> TASK DATA

*** Begin section ***

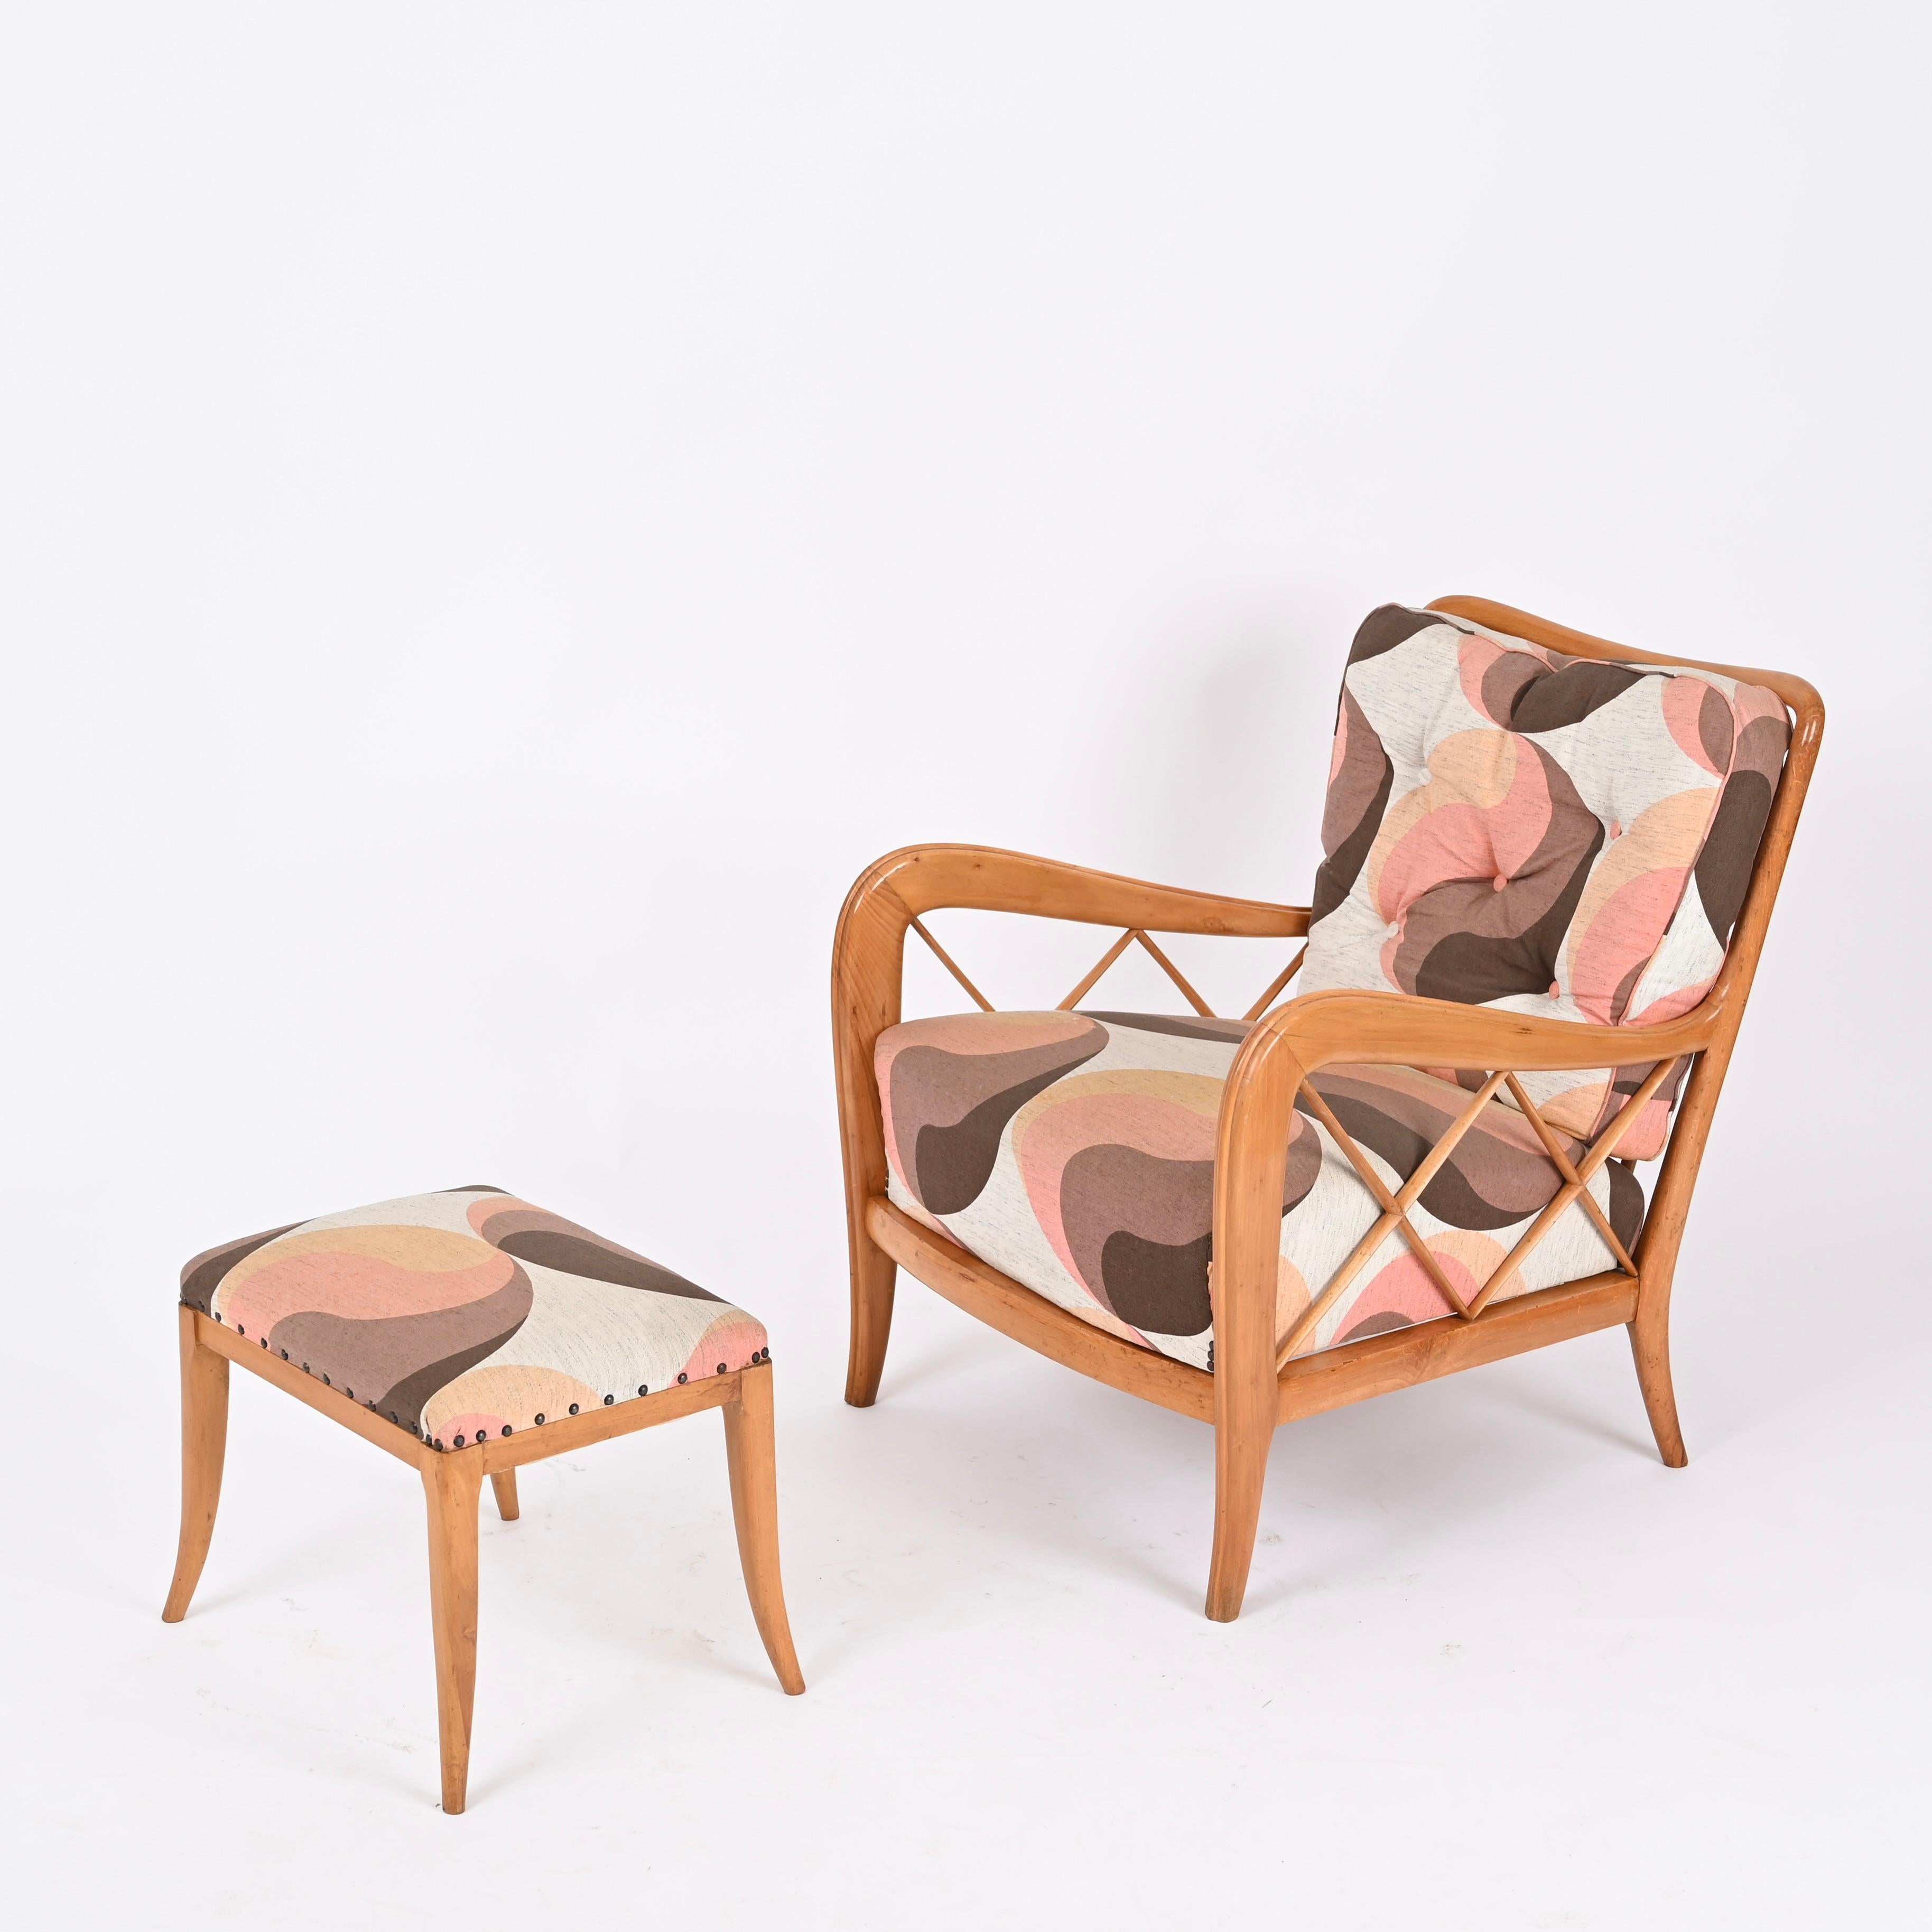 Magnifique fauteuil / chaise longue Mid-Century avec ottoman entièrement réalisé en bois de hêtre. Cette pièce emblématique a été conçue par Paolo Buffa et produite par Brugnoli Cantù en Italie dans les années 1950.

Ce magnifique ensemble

*** End section ***
*** Begin section ***

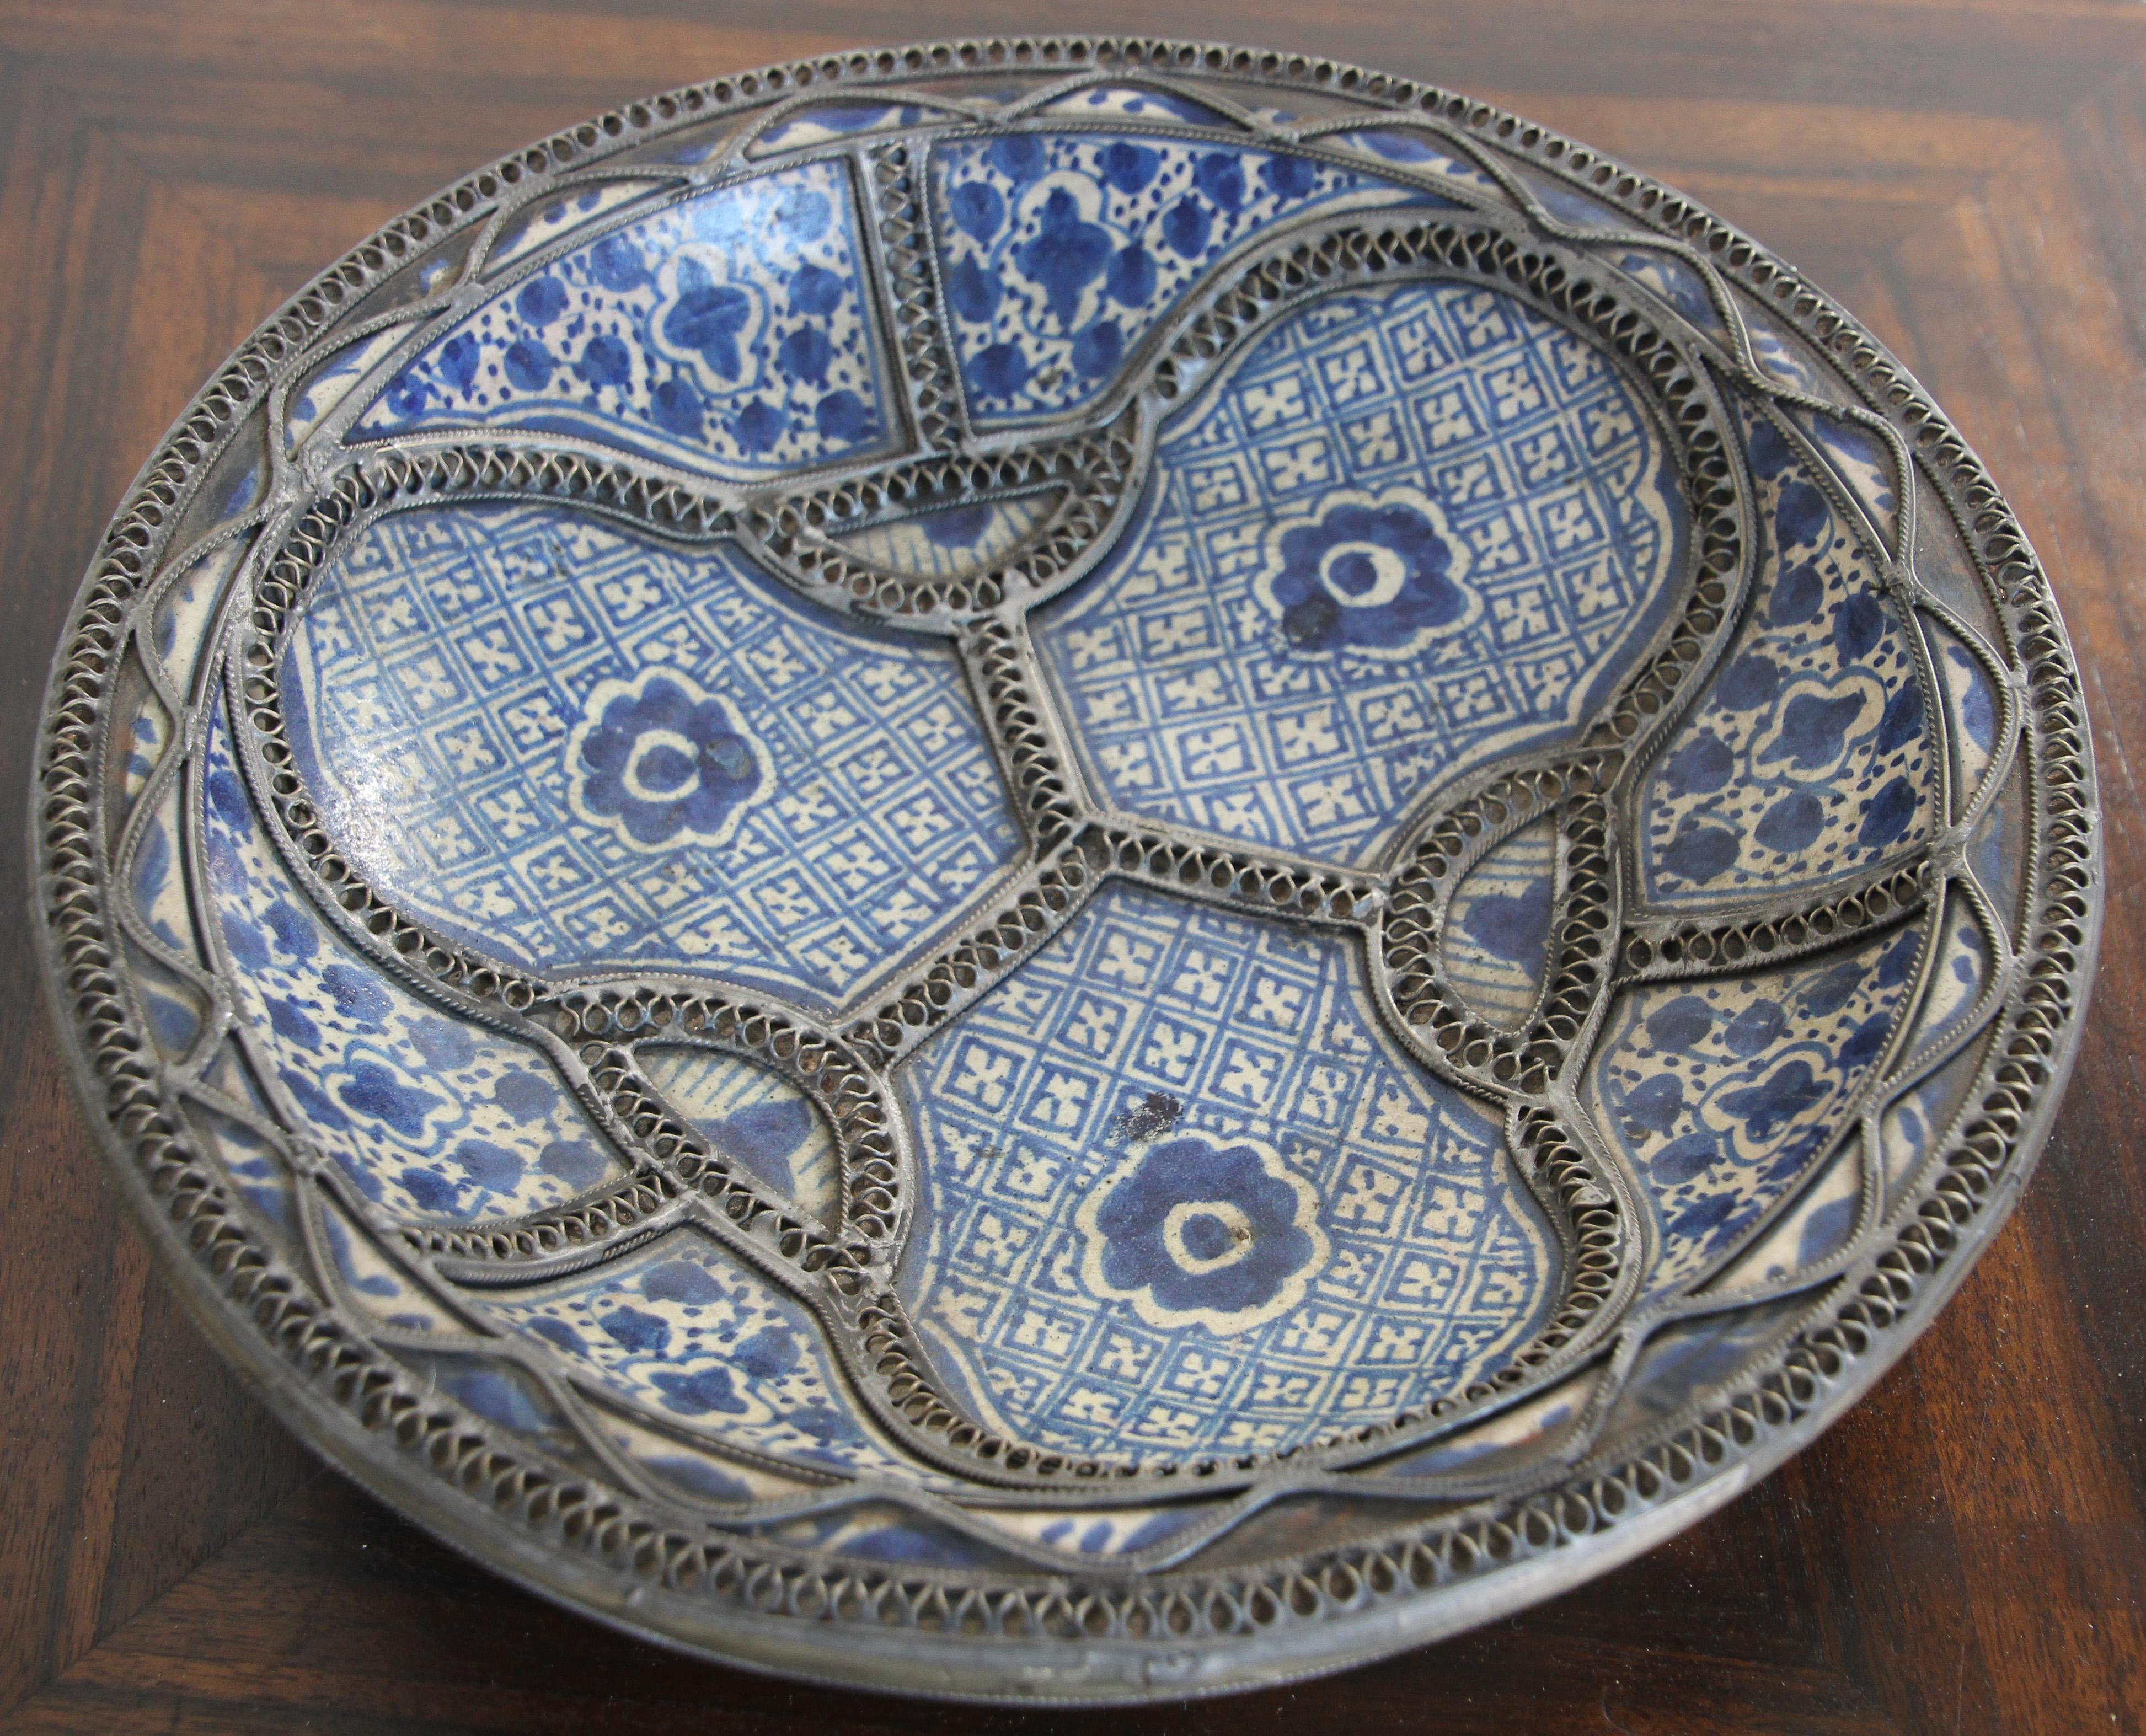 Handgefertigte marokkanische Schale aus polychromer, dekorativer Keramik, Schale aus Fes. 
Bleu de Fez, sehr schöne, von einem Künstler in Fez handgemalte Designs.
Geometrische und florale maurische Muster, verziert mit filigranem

*** End section ***

> ACTIVITY
Return the lines above from the one with "Handgefertigte marokkanische Schale" through the one with "Geometrische und florale", verbatim and nothing else. Omit every picture.

> WORKED SOLUTION
 Handgefertigte marokkanische Schale aus polychromer, dekorativer Keramik, Schale aus Fes. 
Bleu de Fez, sehr schöne, von einem Künstler in Fez handgemalte Designs.
Geometrische und florale maurische Muster, verziert mit filigranem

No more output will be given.